Sameer Ali khan

Posted on Mar 16

InterviewAce: Real-Time AI Mock Interviews with Gemini Live API & Google ADK

#gemini #geminiliveagentchallenge #ai #cloud

📢 Disclosure: I created this blog post as part of my submission to the Gemini Live Agent Challenge hackathon. The project — InterviewAce — was built specifically for this competition using Google AI models and Google Cloud. #GeminiLiveAgentChallenge

🔗 Live Demo · 💻 GitHub · 📹 Demo Video

The Problem Nobody Talks About

Everyone knows technical interviews are hard. But here is what nobody says out loud — most people never actually practice them.

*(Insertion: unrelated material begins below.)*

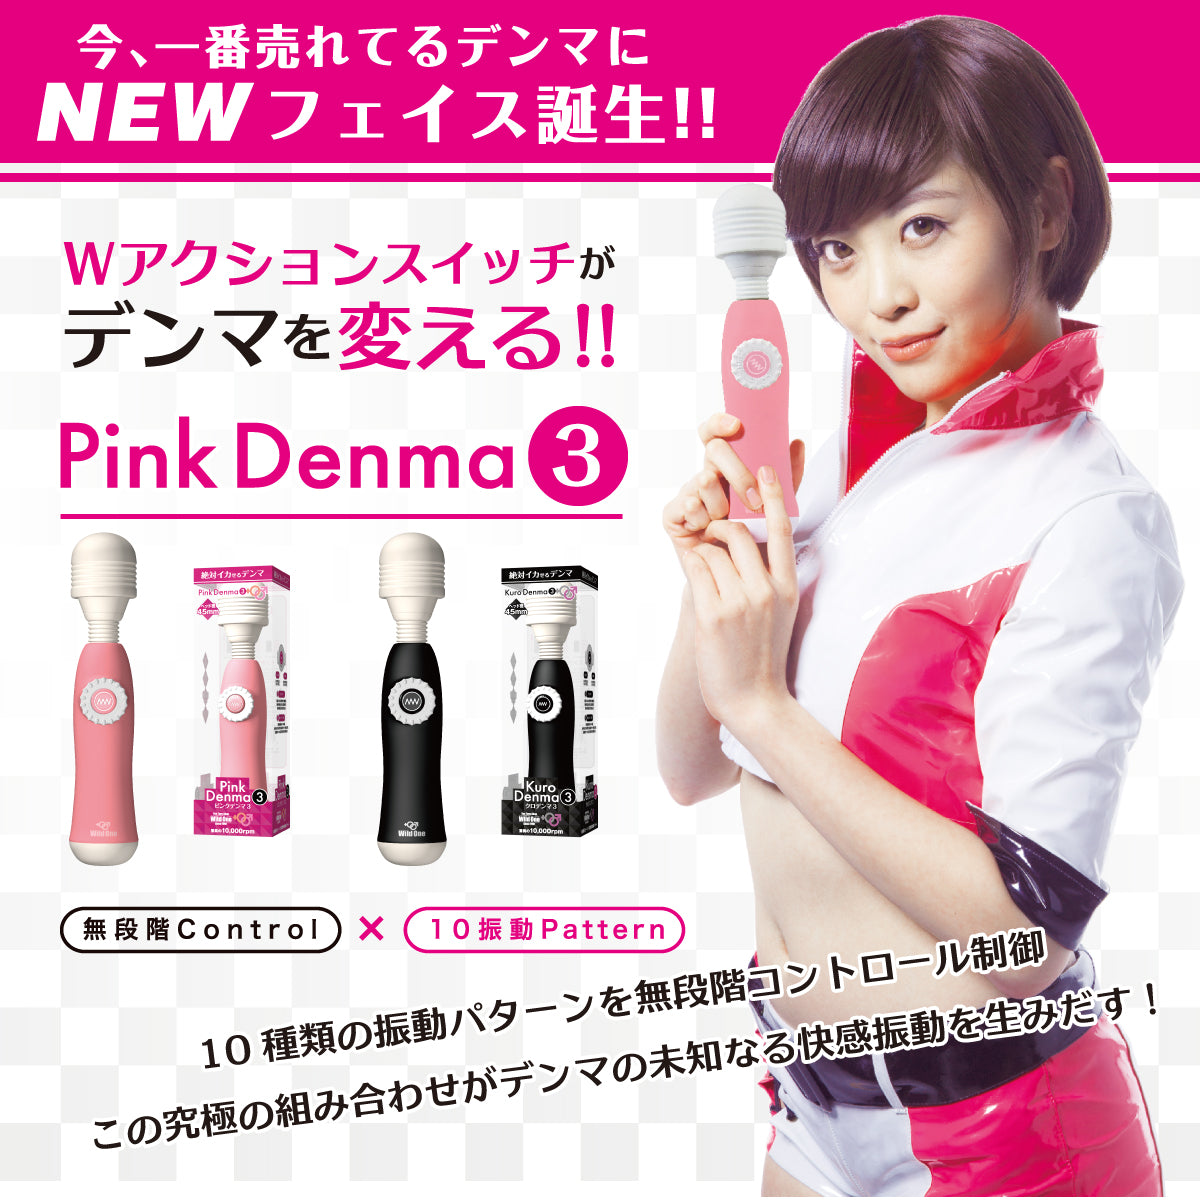 Pink Denma 3 絕對潮吹按摩棒第3代 粉紅色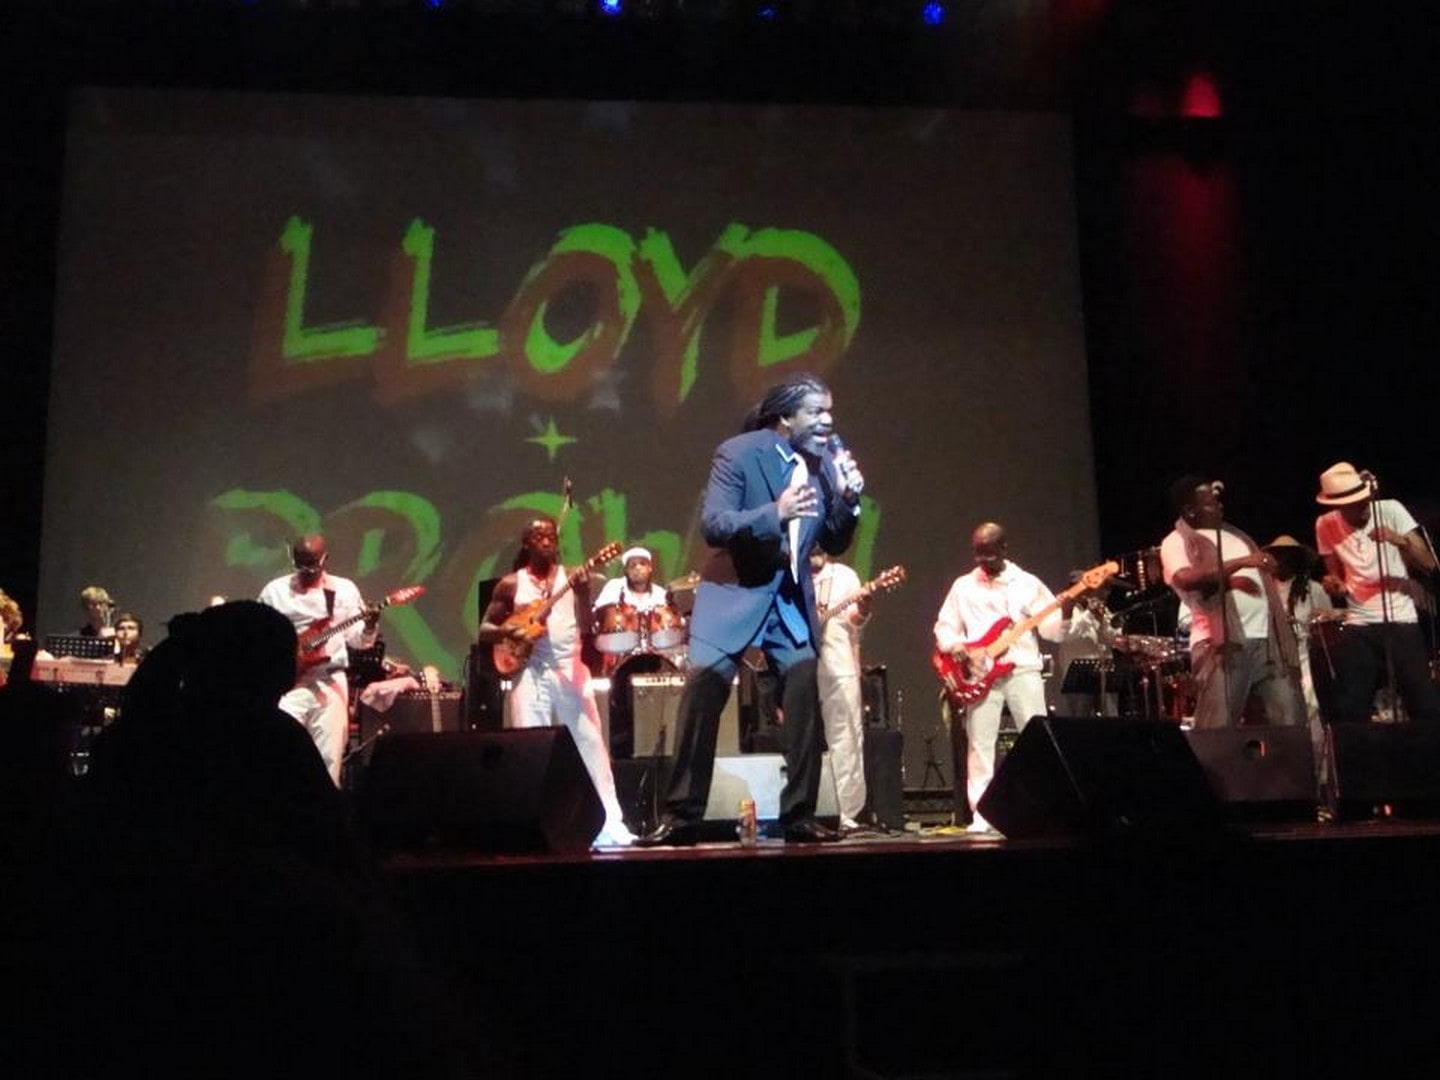 Lloyd Brown Music

Not because they are lazy. Because real practice is expensive and inaccessible:

Professional mock interview services charge $150–$300 per session
Asking friends to interview you is awkward and rarely useful
AI chatbots give you text responses — but real interviews are not text conversations

And here is the deeper issue: the things that fail candidates are not the answers — they are the delivery. The "um"s and "uh"s. The slouched posture. The rambling answer that never reaches a conclusion. The eye contact that breaks every time you think.

No text-based AI tool has ever addressed this. Until now.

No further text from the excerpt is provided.